A general illuminator, comprising a light source generating light and a reflector reflecting the light in one direction, has a predetermined value of etendue. The etendue can be easily calculated by multiplying the cross-sectional area of the beam by the solid angle of the beam at a target in which the beam is received. For example, when an elliptical reflector having a first focal point and a second focal point is employed as a reflector and a light source is placed at the first focal point, the etendue can be calculated by measuring and then multiplying the cross-sectional area and the solid angle of the beam at the second focal point.

General illuminators having the structures illustrated in FIG. 1 through FIG. 3 have low etendue.

Referring to FIG. 1, a general illuminator comprises an ellipsoidal reflector 11 having a first focal point f₁ and a second focal point f₂, a light source 12 placed at the first focal point f₁ of the ellipsoidal reflector 11, and a retro-reflector 15 placed face-to-face with the ellipsoidal reflector 11. The light source 12 is interposed between the retro-reflector 15 and the ellipsoidal reflector 11. The retro-reflector 15 is spherical.
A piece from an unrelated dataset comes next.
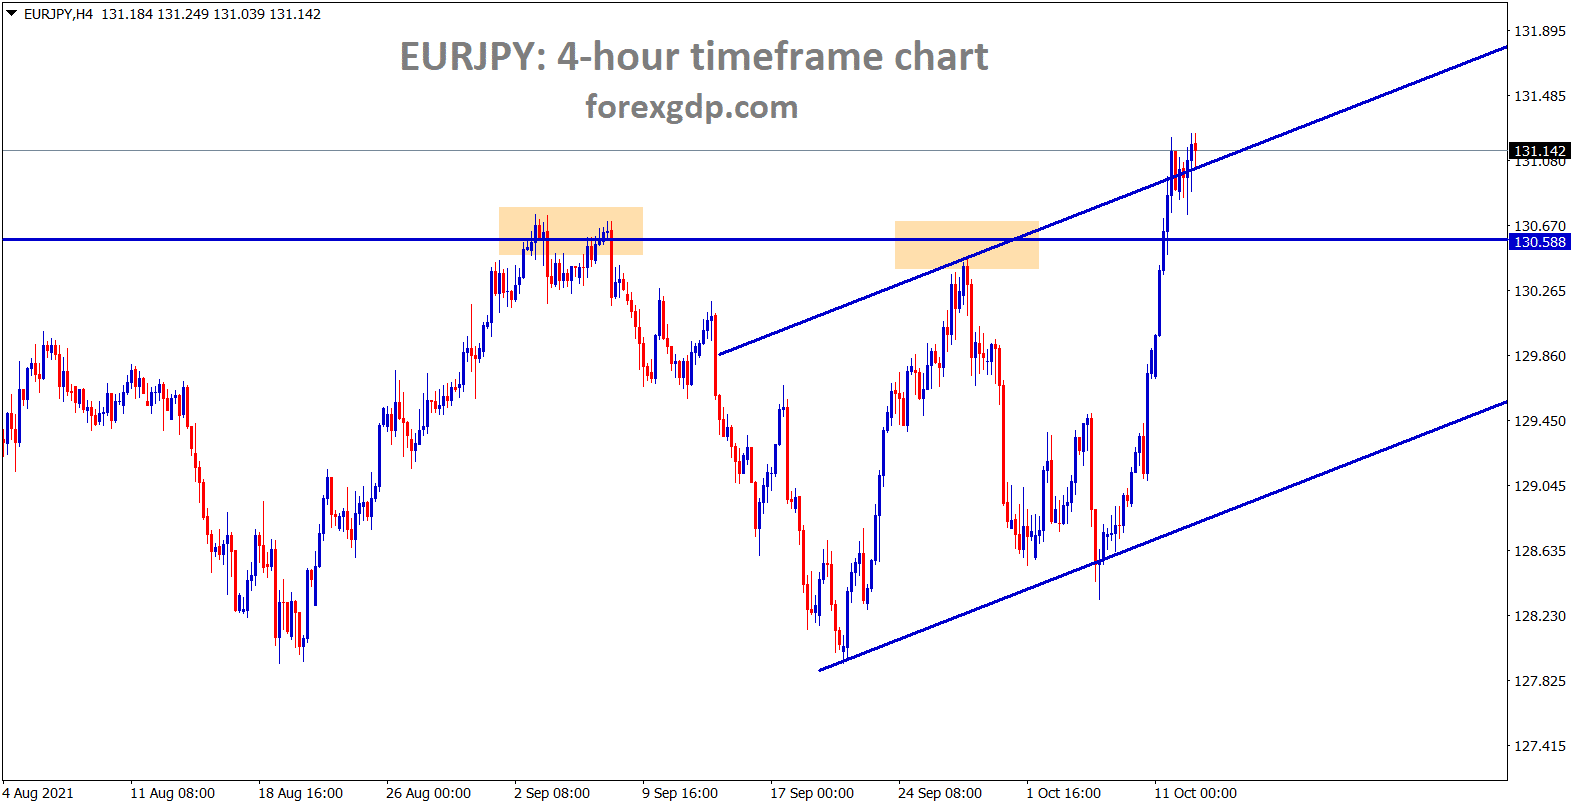 EURJPY is moving up continuously breaking the highs with buyers pressure

An aperture 15a through which an incident beam is transmitted is formed in the center of the retro-reflector 15.

About half of the beam 14 emitted from the light source 12 (solid line) is projected directly onto the elliptical reflector 11, and part of the beam 16 (dotted line) is projected onto the retro-reflector 15. The beam 16, projected directly onto the elliptical reflector 11, is reflected at a specular surface 11a, passes through the aperture 15a, and is focused at the second focus point f₂. On the other hand, the beam projected onto the retro-reflector 15 is reflected back toward the light source 12, passes through the light source 12, and proceeds towards to the elliptical reflector 11. The reflected beam 16 is reflected at the elliptical reflector 11, passes through the aperture 15a, and is focused at the second focus point f₂.
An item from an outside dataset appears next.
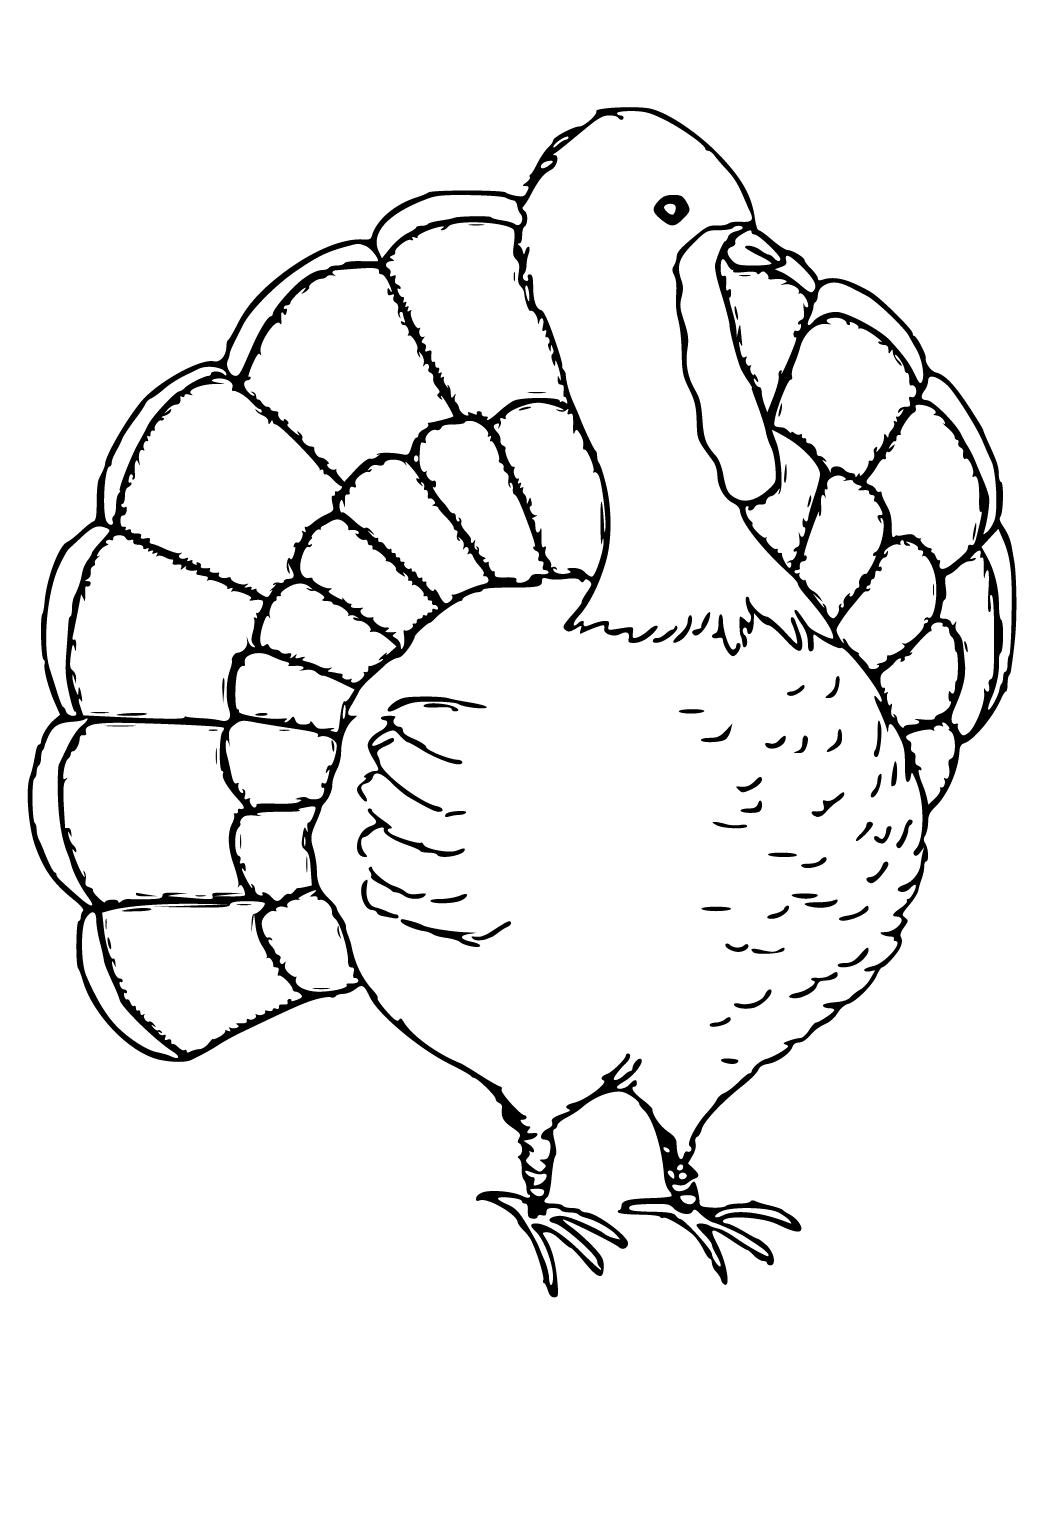 Free printable turkey easy coloring page for adults and kids

However in an illuminator having such a structure, a collection angle θ of the elliptical reflector 11 is about 90°, which is about 30° less than a collection angle 120° of an illuminator without the retro-reflector 15, thus reducing a solid angle σ, and hence reducing the etendue.
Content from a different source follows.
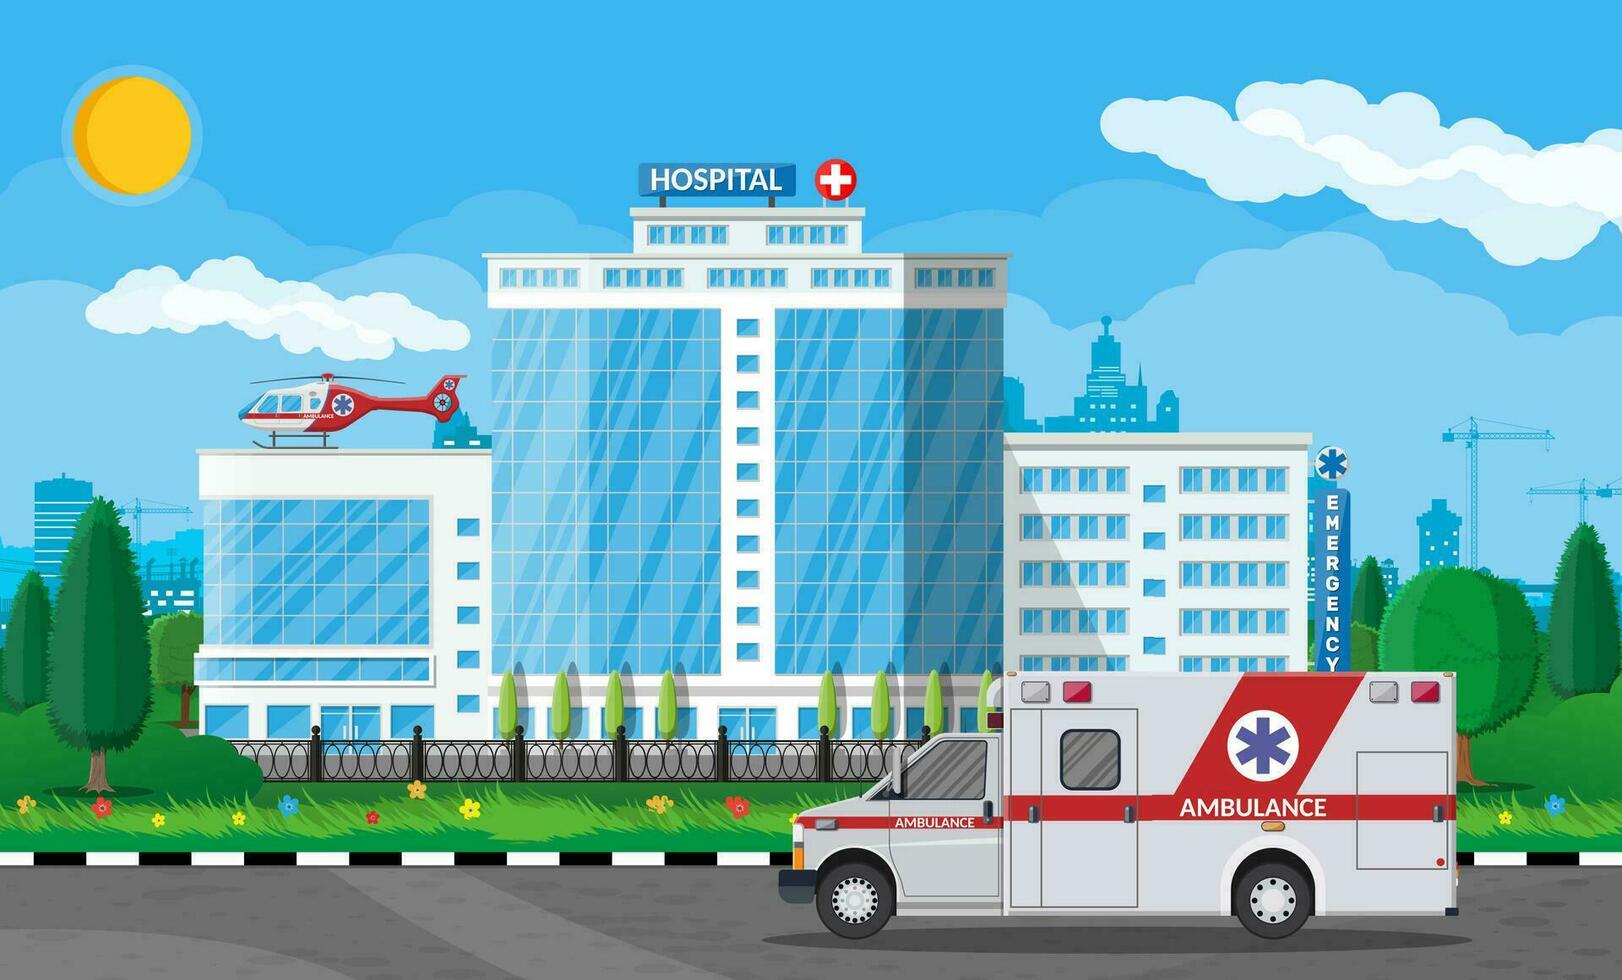 Hospital building, medical icon. Healthcare, hospital and medical diagnostics. Urgency and emergency services. Road, sky, tree. Car and helicopter. Vector illustration in flat style

In an illuminator having the above-described structure, the additional retro-reflector 15 increases manufacturing costs and furthermore complicates the manufacturing process required for a proper alignment of the retro-reflector. Moreover, it is difficult to dynamically control the etendue because the size of an aperture is fixed. Also, about half of the total light emitted from a light source will be projected back to the light source, thus reducing the life span of the light source.

FIG. 2 shows another general illuminator, comprising a parabolic reflector 21 having one focal point, a light source 22 placed at the focal point of the parabolic reflector 21, and a retro-reflector 25 placed face-to-face with part of the parabolic reflector 21. The light source 22 is interposed between the retro-reflector 25 and the parabolic reflector 21. The retro-reflector 25 is formed on one side of the optical axis of the system. The parabolic reflector 21 is disposed so that the collection angle θ is 120°.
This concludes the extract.